= Work instructions =
Output range, inclusive: from the line containing "Primary image for" to the line containing "Sophomore running back". Restate those lines from the data below word for word and only those.
::: Material provided :::
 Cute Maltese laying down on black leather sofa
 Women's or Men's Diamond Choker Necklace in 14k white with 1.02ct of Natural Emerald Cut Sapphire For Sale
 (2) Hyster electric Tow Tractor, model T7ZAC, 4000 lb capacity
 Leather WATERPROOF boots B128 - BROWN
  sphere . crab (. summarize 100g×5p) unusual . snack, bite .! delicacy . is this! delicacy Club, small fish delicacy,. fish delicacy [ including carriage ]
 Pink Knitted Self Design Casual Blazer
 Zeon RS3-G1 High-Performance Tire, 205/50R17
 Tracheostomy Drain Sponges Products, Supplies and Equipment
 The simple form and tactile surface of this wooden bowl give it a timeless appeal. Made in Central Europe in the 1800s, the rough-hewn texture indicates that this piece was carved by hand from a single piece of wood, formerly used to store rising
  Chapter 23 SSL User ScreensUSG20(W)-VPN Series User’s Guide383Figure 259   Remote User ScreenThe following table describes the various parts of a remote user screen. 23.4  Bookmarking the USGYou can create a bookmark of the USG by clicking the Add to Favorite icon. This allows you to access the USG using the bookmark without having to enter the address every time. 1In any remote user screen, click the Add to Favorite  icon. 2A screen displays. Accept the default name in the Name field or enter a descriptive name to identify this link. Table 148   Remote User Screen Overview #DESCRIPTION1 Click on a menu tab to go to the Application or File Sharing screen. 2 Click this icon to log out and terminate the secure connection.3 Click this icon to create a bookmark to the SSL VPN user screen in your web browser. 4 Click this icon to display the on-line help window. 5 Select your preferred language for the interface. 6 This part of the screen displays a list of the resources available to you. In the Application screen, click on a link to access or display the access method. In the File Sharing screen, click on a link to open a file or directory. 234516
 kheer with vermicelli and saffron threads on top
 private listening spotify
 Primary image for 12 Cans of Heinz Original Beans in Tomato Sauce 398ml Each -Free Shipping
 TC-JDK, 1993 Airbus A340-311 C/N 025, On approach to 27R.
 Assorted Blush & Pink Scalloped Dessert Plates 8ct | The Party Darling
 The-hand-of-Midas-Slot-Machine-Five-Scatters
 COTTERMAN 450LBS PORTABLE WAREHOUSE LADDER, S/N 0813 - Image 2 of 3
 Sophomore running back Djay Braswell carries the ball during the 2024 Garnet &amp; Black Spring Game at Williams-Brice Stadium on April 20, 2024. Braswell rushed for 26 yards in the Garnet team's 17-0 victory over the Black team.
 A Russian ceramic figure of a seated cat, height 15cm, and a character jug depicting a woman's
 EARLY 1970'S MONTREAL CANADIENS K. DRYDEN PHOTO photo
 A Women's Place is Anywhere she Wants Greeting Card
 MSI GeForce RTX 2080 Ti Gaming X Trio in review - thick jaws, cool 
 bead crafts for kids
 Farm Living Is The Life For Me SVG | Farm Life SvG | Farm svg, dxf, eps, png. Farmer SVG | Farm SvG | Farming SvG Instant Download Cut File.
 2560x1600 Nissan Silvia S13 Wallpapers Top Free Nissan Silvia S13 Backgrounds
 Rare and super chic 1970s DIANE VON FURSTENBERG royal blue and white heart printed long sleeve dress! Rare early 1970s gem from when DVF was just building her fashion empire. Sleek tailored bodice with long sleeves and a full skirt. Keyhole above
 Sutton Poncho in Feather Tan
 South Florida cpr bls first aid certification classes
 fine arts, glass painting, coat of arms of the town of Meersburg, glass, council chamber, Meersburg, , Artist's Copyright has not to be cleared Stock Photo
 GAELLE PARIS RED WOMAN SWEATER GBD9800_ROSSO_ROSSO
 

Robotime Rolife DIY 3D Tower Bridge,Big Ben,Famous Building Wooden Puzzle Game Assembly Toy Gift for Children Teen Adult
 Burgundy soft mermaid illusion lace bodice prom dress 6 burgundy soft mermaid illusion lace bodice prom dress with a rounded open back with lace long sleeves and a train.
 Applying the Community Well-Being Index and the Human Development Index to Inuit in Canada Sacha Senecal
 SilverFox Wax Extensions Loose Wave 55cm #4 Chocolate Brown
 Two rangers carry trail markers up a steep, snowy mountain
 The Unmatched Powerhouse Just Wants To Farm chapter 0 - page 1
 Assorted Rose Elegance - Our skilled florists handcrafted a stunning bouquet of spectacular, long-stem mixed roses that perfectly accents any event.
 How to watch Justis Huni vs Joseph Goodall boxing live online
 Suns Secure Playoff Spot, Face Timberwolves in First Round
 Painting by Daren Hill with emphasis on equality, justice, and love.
:::
= Your response =
 Primary image for 12 Cans of Heinz Original Beans in Tomato Sauce 398ml Each -Free Shipping
 TC-JDK, 1993 Airbus A340-311 C/N 025, On approach to 27R.
 Assorted Blush & Pink Scalloped Dessert Plates 8ct | The Party Darling
 The-hand-of-Midas-Slot-Machine-Five-Scatters
 COTTERMAN 450LBS PORTABLE WAREHOUSE LADDER, S/N 0813 - Image 2 of 3
 Sophomore running back Djay Braswell carries the ball during the 2024 Garnet &amp; Black Spring Game at Williams-Brice Stadium on April 20, 2024. Braswell rushed for 26 yards in the Garnet team's 17-0 victory over the Black team.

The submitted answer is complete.